Legislation that would help provide immigrants lawyers in deportation cases has gained some powerful new backers. Four prominent unions have asked Gov. Kathy Hochul for support in passing the Access to Representation Act, which would afford low-income immigrant New Yorkers the right to an attorney for immigration proceedings.
The influential New York Nurses Association, District Council 37, 32BJ and Hotel and Gaming Trades Council signed on to a letter sent to the governor on Tuesday, voicing their support for the bill that has yet to pass either chamber of the Legislature yet. “With more than one quarter of
New York’s workforce consisting of immigrants, many people targeted by immigration
enforcement for deportation are our members or family members of our members,” the previously unreported letter reads. “Losing them hits home.” Specifically, the unions are asking that Hochul commit $55 million to pay for lawyers in the upcoming fiscal year, in addition to supporting the passage of the legislation itself.

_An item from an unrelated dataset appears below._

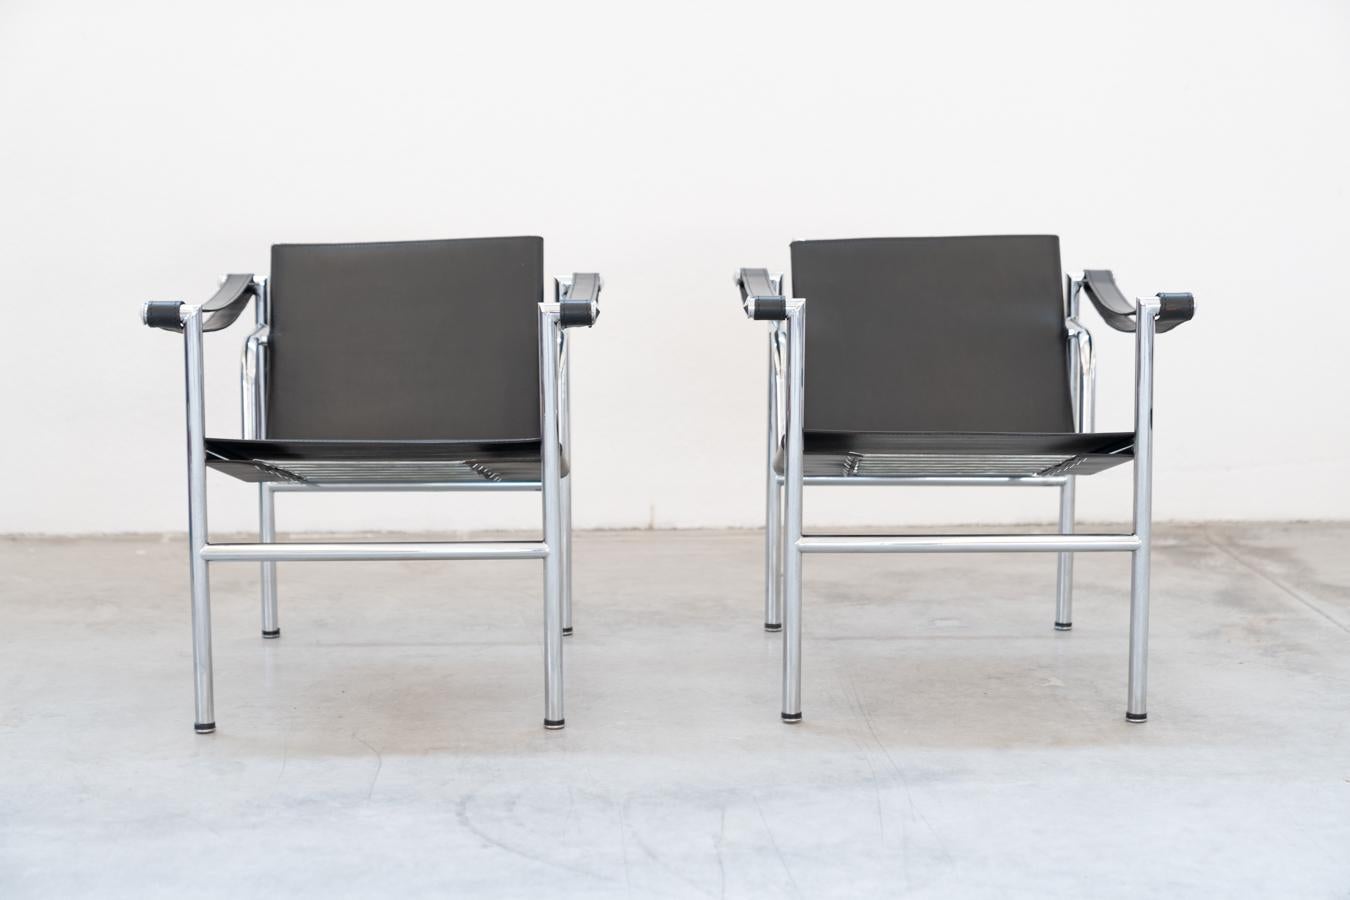 Pair of LC1 armchairs by Le Corbusier, for Cassina 1970
A piece of design history from Le Corbusier's LC1. The design 			dates back to 1928. Simple armchairs, in their Avantgard design of the 			1920s, during the period when the designer Le

Under the Access to Representation Act, sponsored by state Sen. Brad Hoylman-Sigal and Assembly Member Catalina Cruz, any immigrant New Yorker making up to twice the poverty line would have the right to an attorney if facing deportation or otherwise find themselves in federal immigration court, paid for by the state. “Our partners in labor are once again standing up for immigrant communities by recognizing the need for legal services,” Cruz said in a text to City & State. “Ensuring immigrant families facing deportation have a real chance to stay together requires a lawyer, ensuring their constitutional rights requires a lawyer.” Currently, the right to a lawyer is only guaranteed in criminal cases statewide, although a New York City program affords low-income residents the right to an attorney in housing court.
The new union support comes at a tense time for Hochul and labor. Several prominent unions, including 32BJ, have criticized the governor for her pick of Justice Hector LaSalle for chief judge despite their misgivings about his record on labor cases. More recently, Hochul has drawn the ire of both New York State United Teachers, the state’s major teachers union, and the United Federation of Teachers, the city’s union, for her proposal to lift the charter school cap in New York City.